Amounts borrowed under the Credit Agreement will bear interest at an annual rate equal to either, at the Company’s option, (a) the rate for Eurocurrency deposits for the corresponding deposits of U.S. dollars as published by the ICE Benchmark Administration Limited, a United Kingdom company, or a comparable or successor quoting service approved by the Agent (the “LIBOR Rate”), adjusted for any reserve requirement in effect, plus a spread of from 0.80 to 1.65 percent, as determined on a quarterly basis based on the Company’s leverage ratio, or (b) a base rate, plus a spread of 0.20 to 0.65 percent, as determined on a quarterly basis based on the Company’s leverage ratio. In no event shall the LIBOR Rate be less than 0.25 percent. The base rate is defined in a manner such that it will not be less than the LIBOR Rate. The Company will pay fees for standby letters of credit at an annual rate equal to the LIBOR Rate plus the applicable spread described in the preceding clause (a), and will pay market-based fees for commercial letters of credit. The spread applicable to a particular LIBOR Rate loan or base rate loan depends on the consolidated leverage ratio of the Company and its subsidiaries at the time the loan is made.

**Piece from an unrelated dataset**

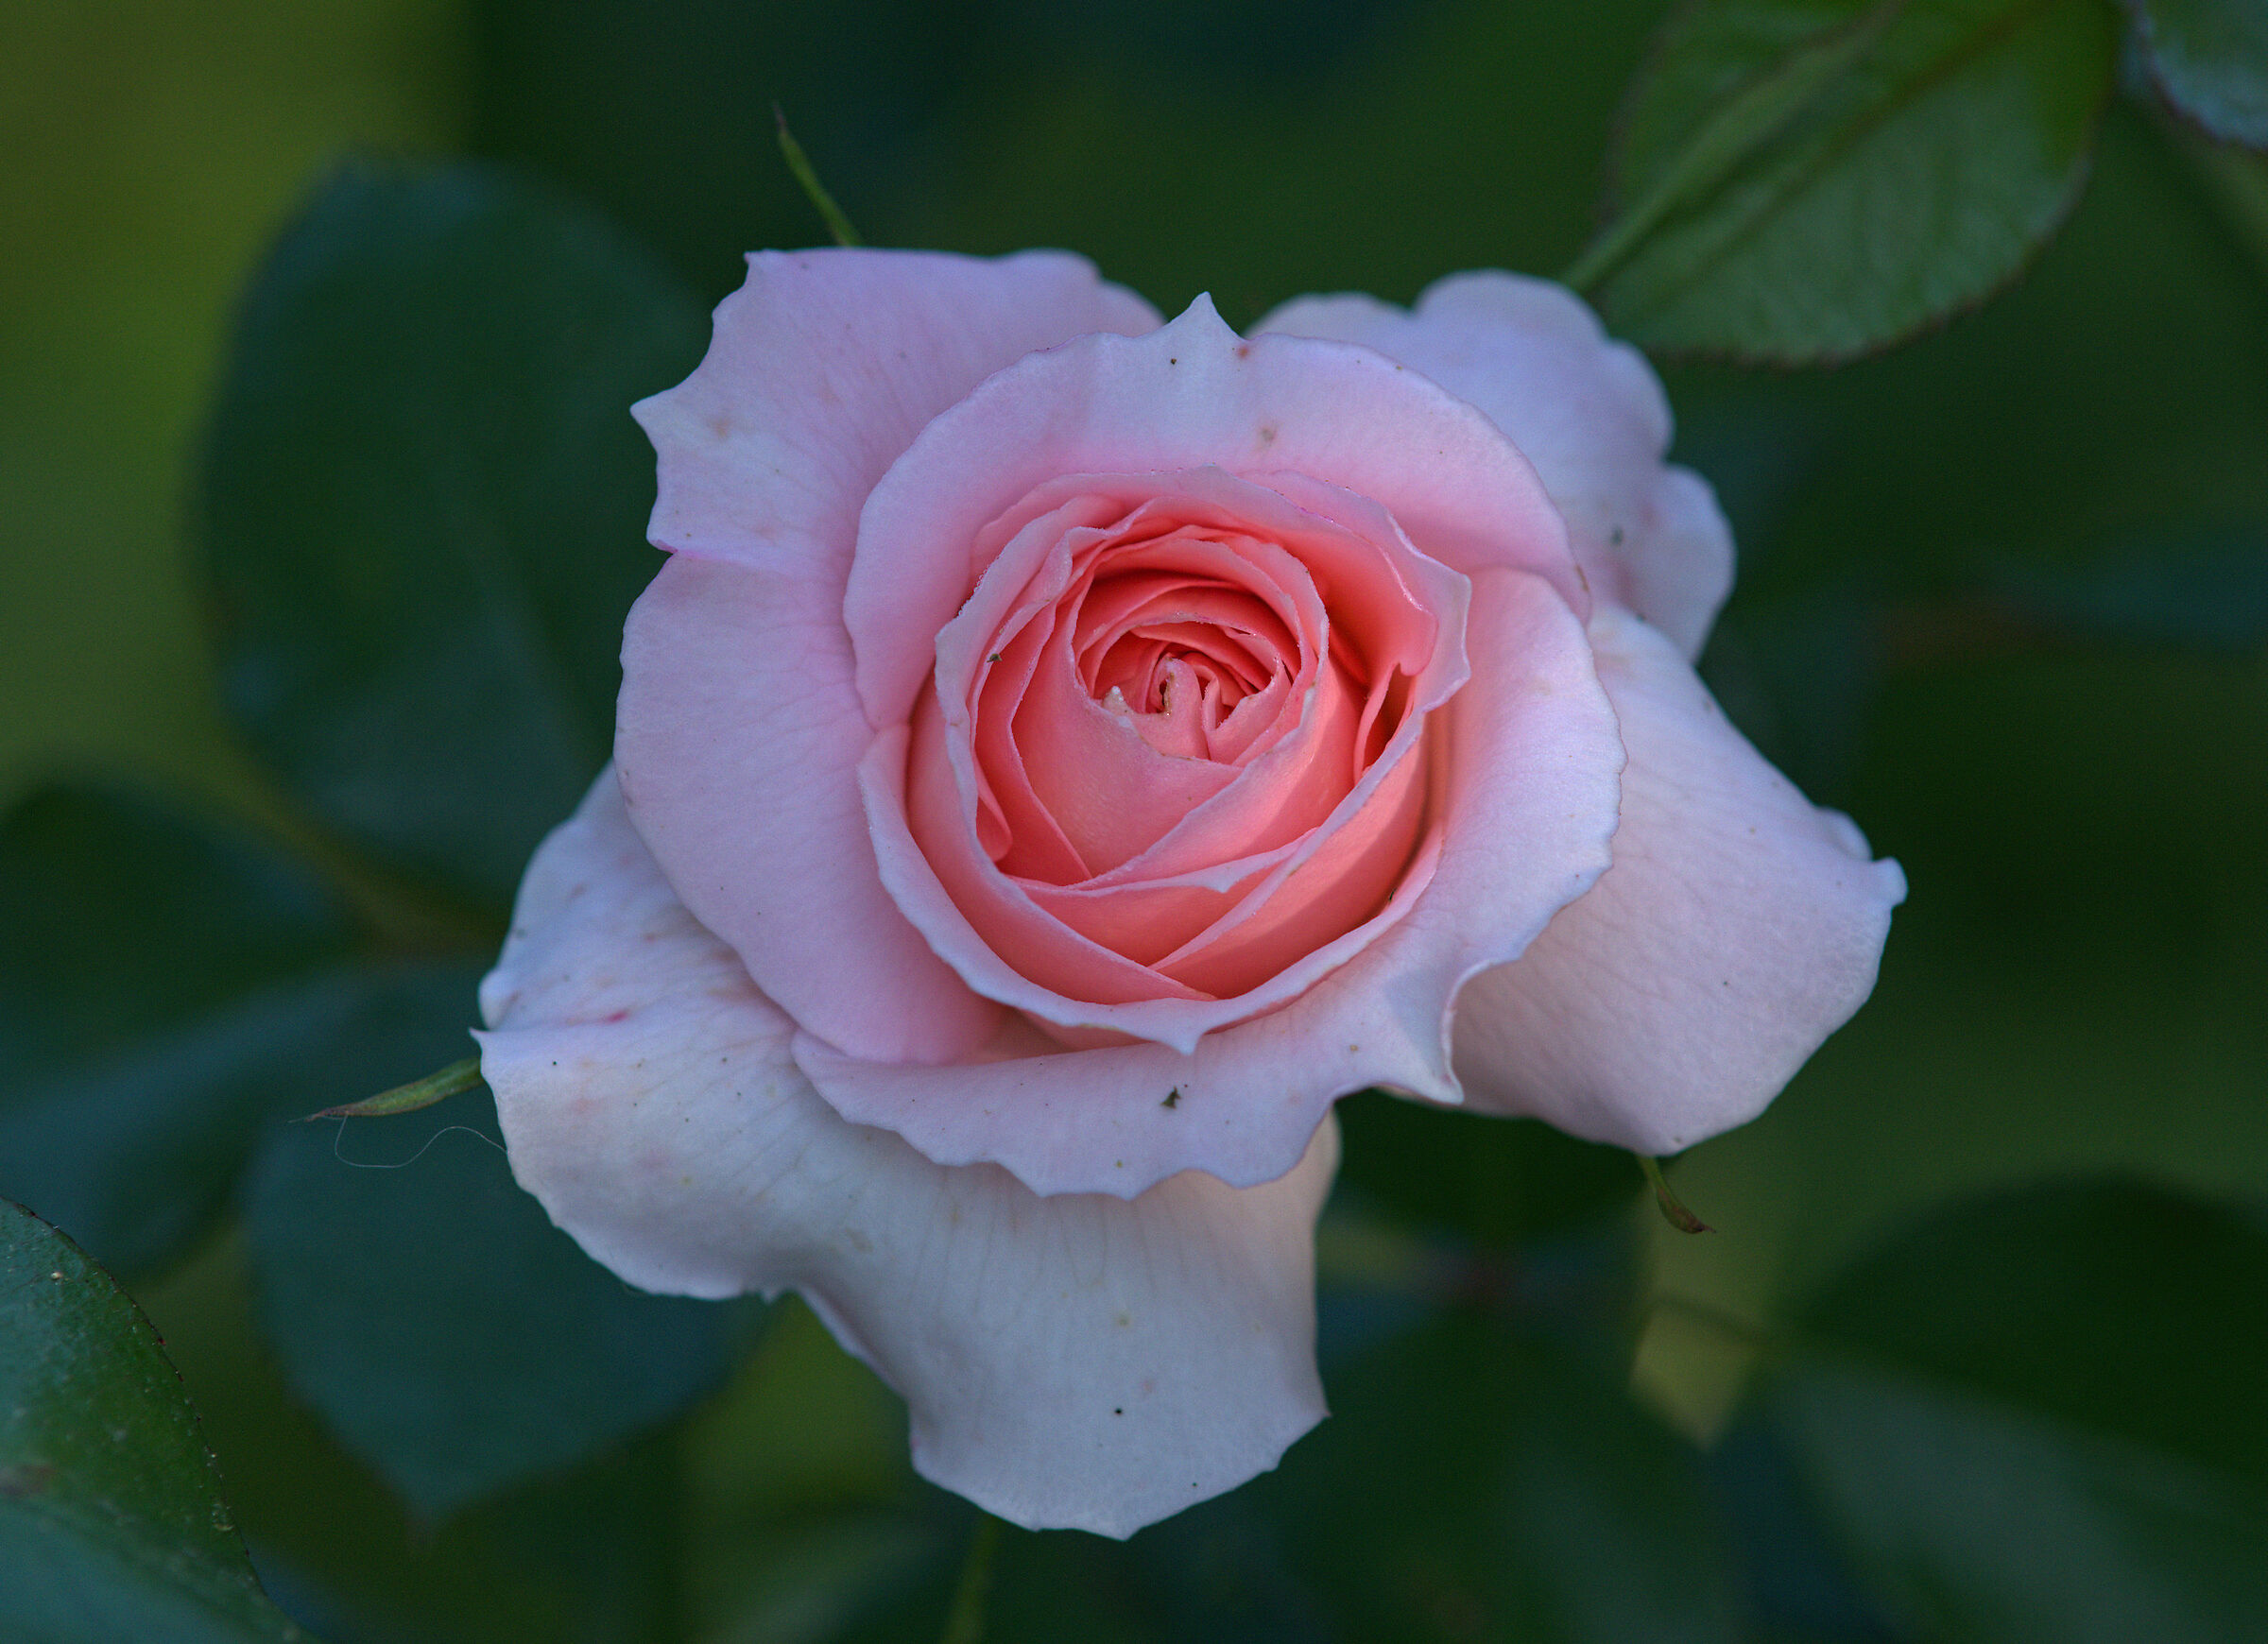 English rose...

Loans outstanding under the Credit Agreement may be prepaid at any time without penalty except for LIBOR Rate breakage costs and expenses.

In March 2020, the Company elected to draw down $150.0 million from the Credit Facility to increase its cash position and preserve financial flexibility in light of current uncertainty resulting from the COVID-19 outbreak; and subsequently paid down $75.0 million during the third quarter of 2020. "Refer to Note 14 Subsequent Event." As of September 30, 2020, the Company's total available credit was $227.5 million under this Credit Facility and other revolving credit lines.

In addition to the Credit Facility, certain of the Company’s domestic subsidiaries are guarantors for a credit agreement between certain of its foreign subsidiaries and institutional lenders. Together, these credit facilities provide the Company with a total of $303.9 million in revolving credit lines and an irrevocable standby letter of credit in support of various insurance deductibles.

The Company was in compliance with its financial covenants at September 30, 2020.